Details in the Bill’s Language

  • Private Lands: The bill ensures private landowners have flexibility to use all slash, thinnings, and low-value logs for credits under the RFS by removing the explicit reference to fiber from tree plantations. Currently, the RFS limits the definition to only biomass from tree plantations, but—particularly in Eastern Oregon—low value, invasive trees like juniper hurt groundwater supplies, encroach on sage grouse habitat and pose wildfire risks. Without market incentives like RFS credits, removing these invasive species simply does not pencil out. This bill aims to make it more cost efficient for private landowners to remove low-value brush, like invasive juniper.
  • Mill Residuals: The bill ensures that all mill residuals—like sawdust and shavings—can be used for biofuels andiStock_000006330997Medium count for RFS credits from both federal and non-federal lands. Under current law, mill residuals can only count for RFS credits if the residuals came from authorized trees from private plantations. In the West, however, most mills use trees sourced from both public and private lands, which means sawdust and shavings are commingled and therefore ineligible for RFS credits. This bill fixes that issue. 

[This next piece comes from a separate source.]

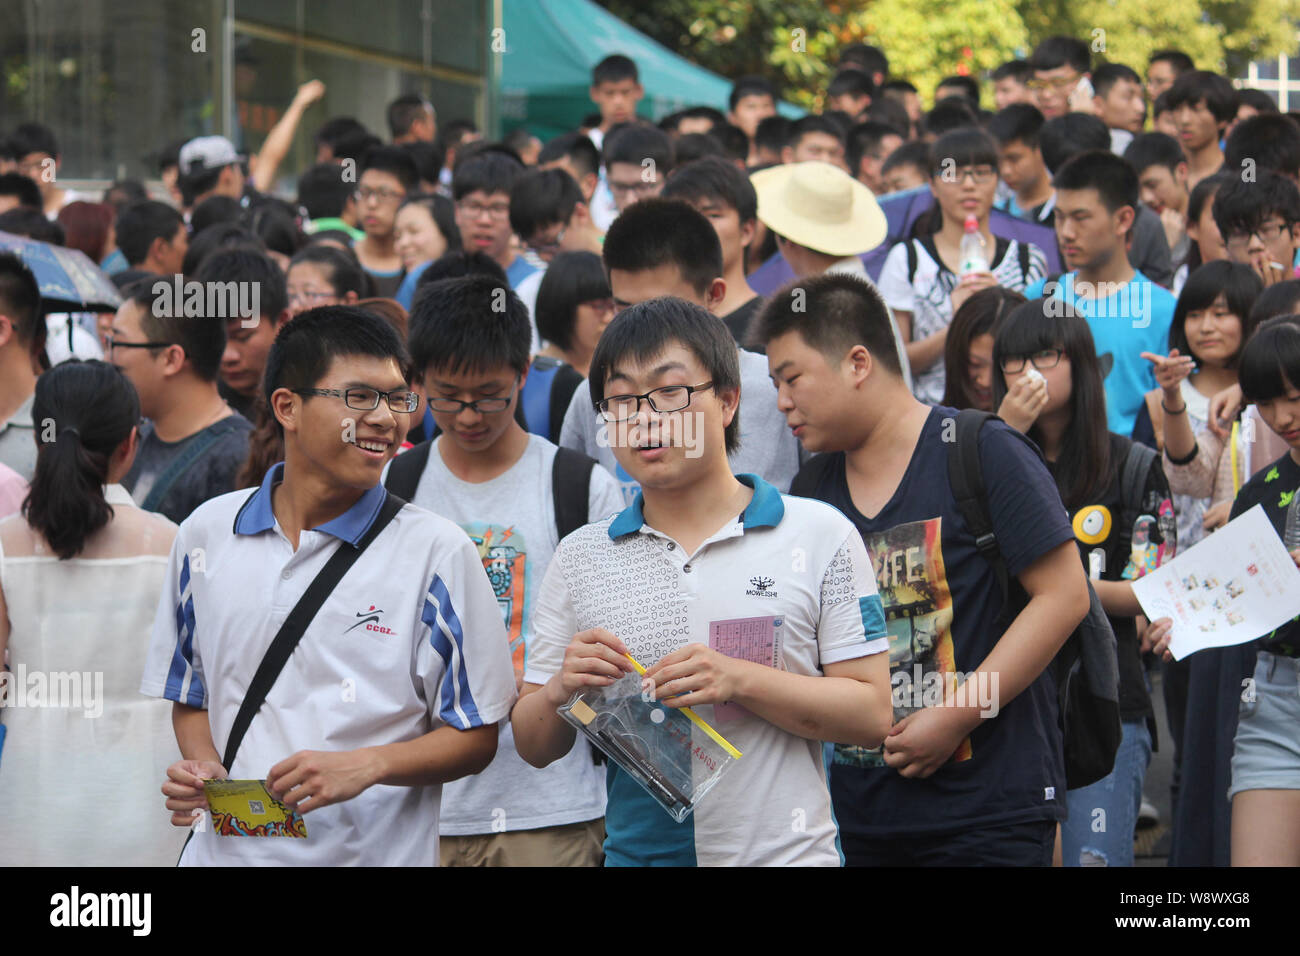 Students leave the campus after finishing the National College Entrance Exam (Gaokao) at a high school in Shiyan city, central Chinas Hubei province, Stock Photo

  • Federal Lands: The bill allows biomass sourced from certain federal lands to qualify for RFS credits. This change will help fund projects to reduce dead and dying trees that fuel catastrophic wildfires and helps thin out unhealthy second-growth forests. Importantly, under this new definition, biomass materials harvested from federal lands must be done in accordance with all federal laws, regulations, and land-use plans and designations. In addition, the bill prioritizes biomass removal through projects that aim to address insect and disease-ridden forests and treat areas prone to wildfires. Finally, the bill explicitly restricts the types of biomass materials that can be harvested from federal lands so that old growth trees and stands are protected 

With Oregon leading the country in the transition from fossil fuel based energy sources, this bill will generate new opportunities to use small diameter trees, limbs, hazardous fuels, debris, and even sawdust at the mill to create new fuel sources, establish jobs in rural communities, and lower wildfire risks in federal forests.

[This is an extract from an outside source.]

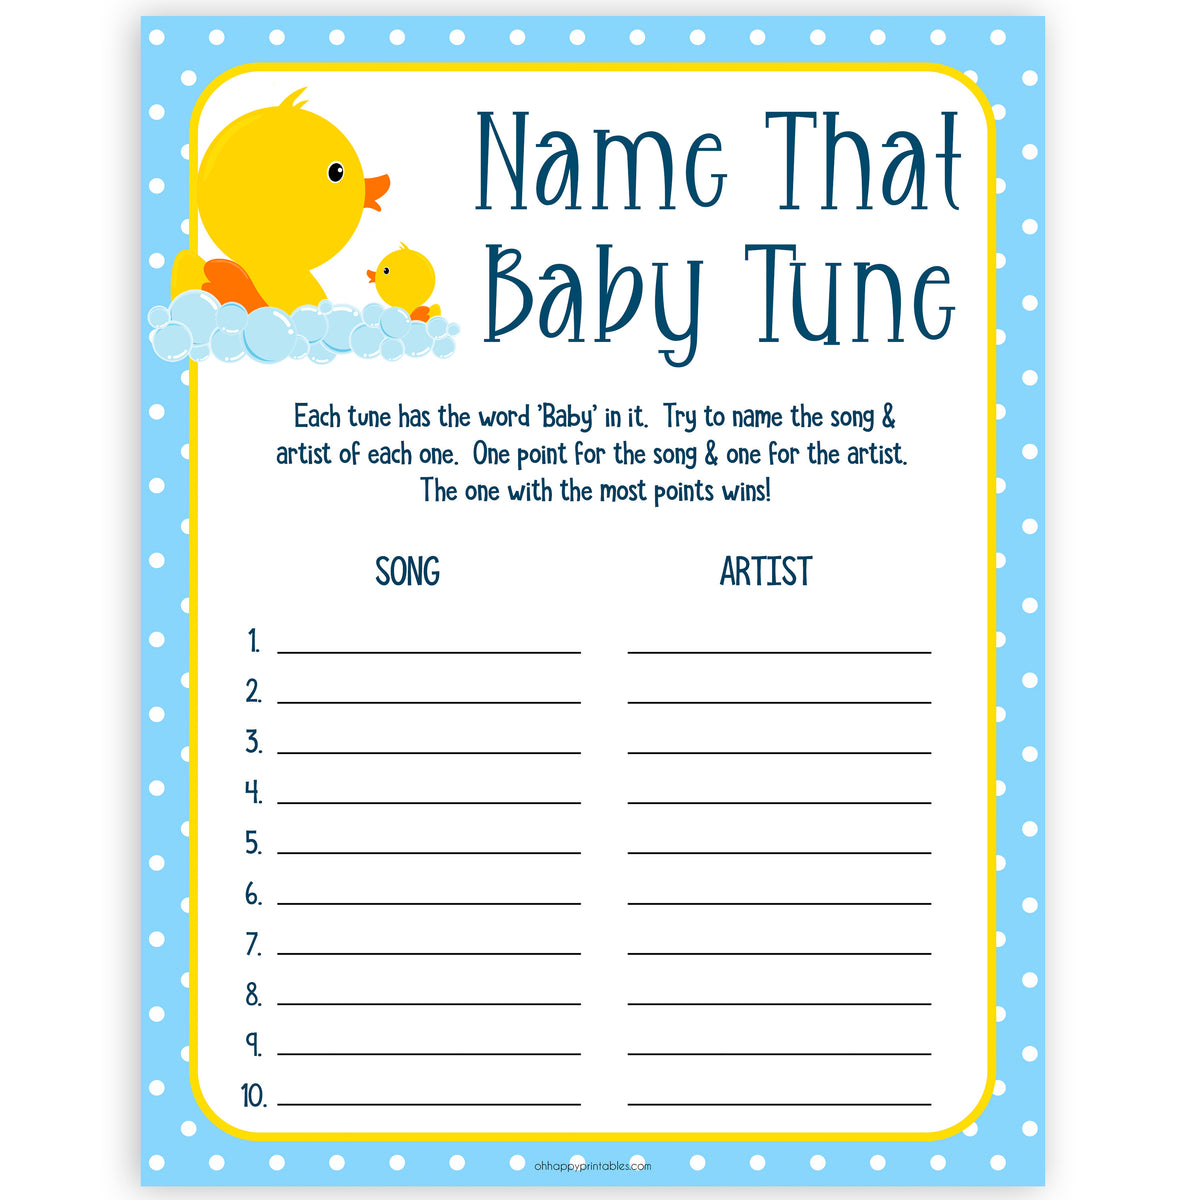 rubber ducky baby games, name that baby tune baby game, printable baby games, baby shower games, rubber ducky baby theme, fun baby games, popular baby games

“We strongly support this legislation which opens up new markets for wood – an abundant, renewable, and domestic natural resource,” said Dave Tenny, founding president and CEO of the National Alliance of Forest Owners. “Healthy markets are the key to keeping our forests as forests – when forest owners can realize a return on their investment, they can replant trees, make investments to keep their forests healthy and resilient, and keep their forests intact. Healthy markets ensure that working forests can continue to provide clean air and water, abundant habitat for wildlife, and good jobs in rural communities that need them.”